I'd suggest after a water change, you dose about 15ppm of potassium. Then halfway to the next water change, dose another 5-10ppm

Just watch for calcium deficiencies...which is usually seen as new growth with curled up leaves.


----------



## aquabillpers (Nov 28, 2003)

Insufficient phosphates will also "cause" algae, because plants need it. It would be a good idea to check to see what level you have. Aim for about .5 ppm.

From what I've read, excessive potassium is rarely a problem and when it is, it has to be really excessive!

Good luck!

Bill


----------



## Hypancistrus (Oct 28, 2004)

You will find varying opinions, I've read that 20-50 ppm for a planted tank is "optimal," and I've read other opinions that nothing more than 2 ppm is "optimal." Since it can't really be accurately measured cheaply, I simply dose Seachem Potassium 3 times per week at the recommended dose. I do a 36% water change weekly.


----------



## malkore (Nov 3, 2003)

Hmmm, never heard anything over 20ppm for potassium, and I know a lot of poeple that don't go over 10 or 15ppm.

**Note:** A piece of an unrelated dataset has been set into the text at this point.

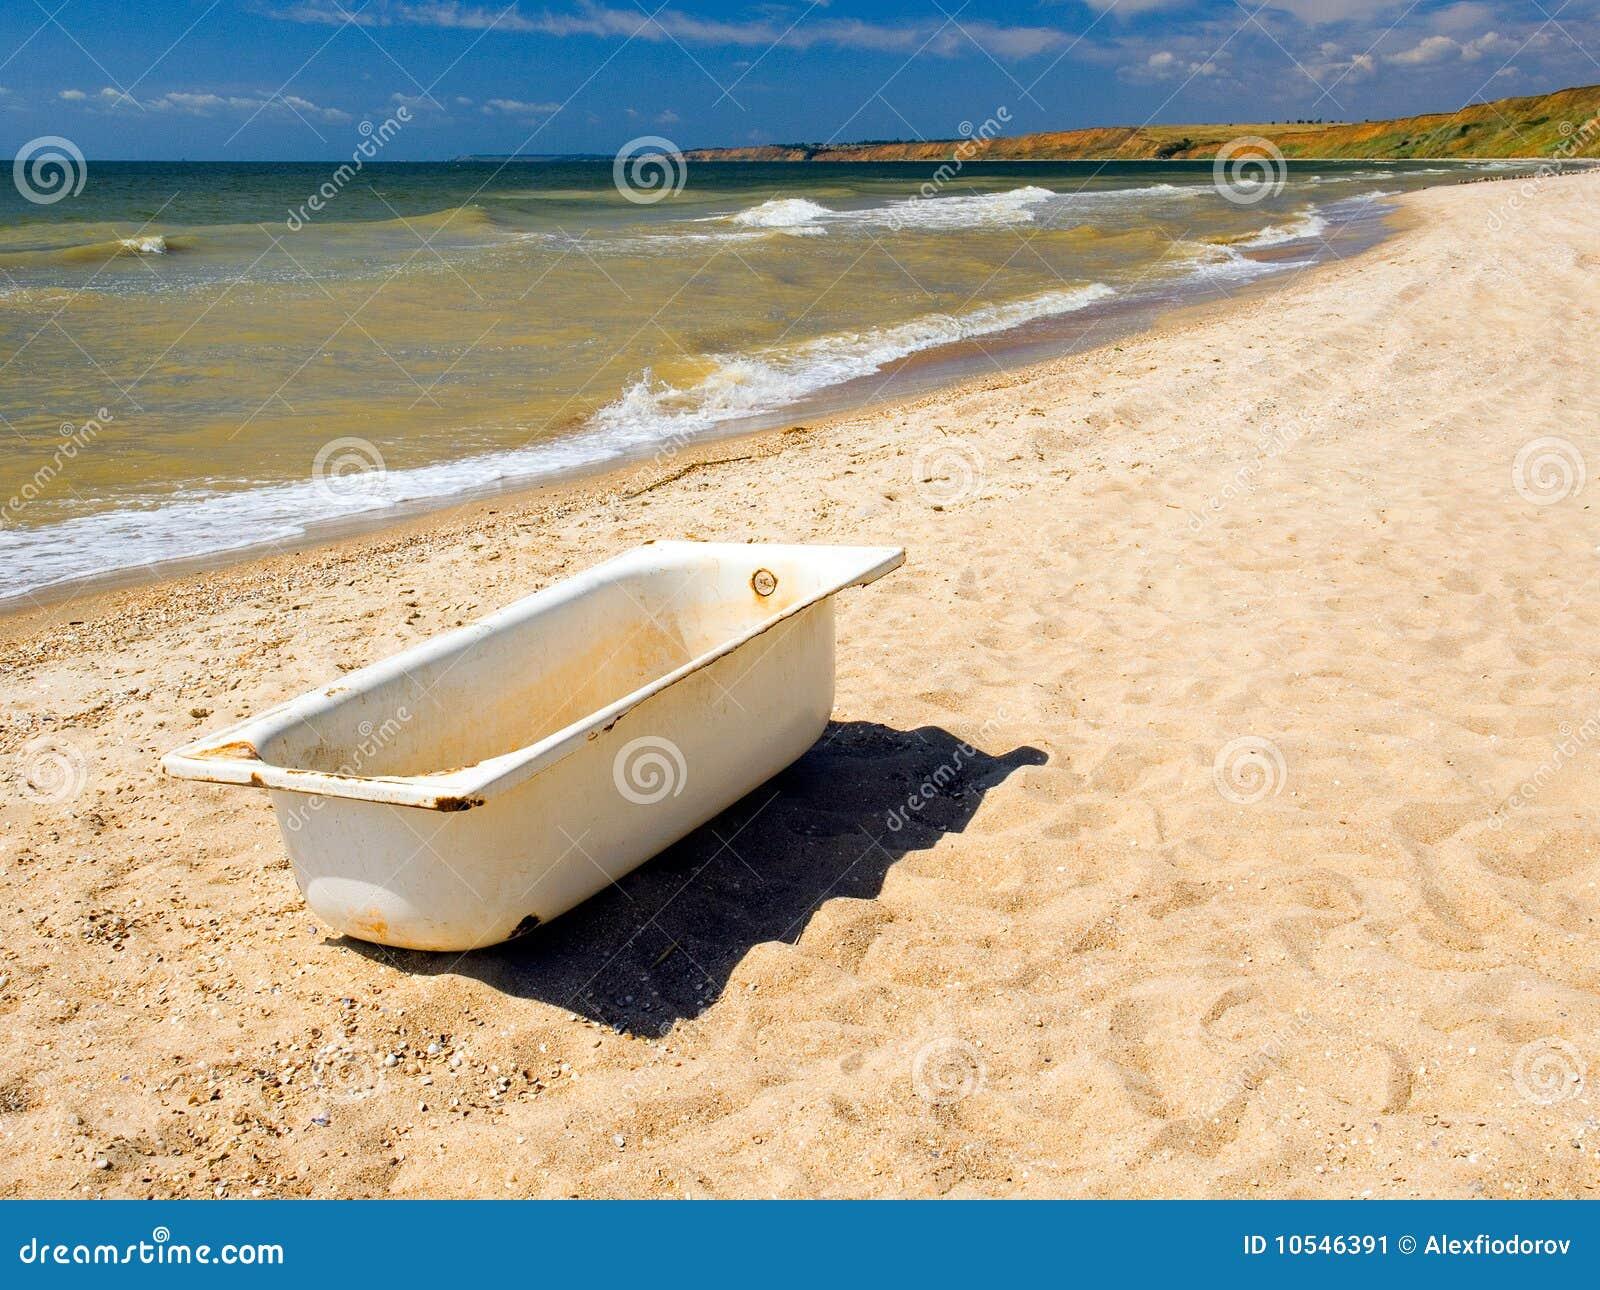 Vasca da bagno immagine stock immagine di ridicolo - Vasca da bagno vecchia ...

and yes, low phosphates will lead to nitrate induced algae blooms. This is why we refer to algae being caused by a nutrient imbalance, rather than something being too high.


----------



## aquabillpers (Nov 28, 2003)

What test kits are people using to measure potassium levels?

LaMotte used to offer one, but their web site no longer lists any. Some users of it reported that it was quite cumbersome to use, and they settled for a "enough" (white precipitate) or a "not enough" measurement.

A search of That Fish Place's site brought up almost 100 test kits, but none for potassium.

Bill


----------



## malkore (Nov 3, 2003)

we don't test for potassium. you just estimate how much you'd need. after a 50% water change, most of your potassium will be gone...so dose 10-15ppm.


----------



## grungefreek (Oct 9, 2003)

Is there a web page somewhere that says that an excess in one fert results in the insufficient takeup of another???? Ive seen a few taht show deficiency signs, but none that say an excess in say pottassium leads to insufficient calcium uptake.


----------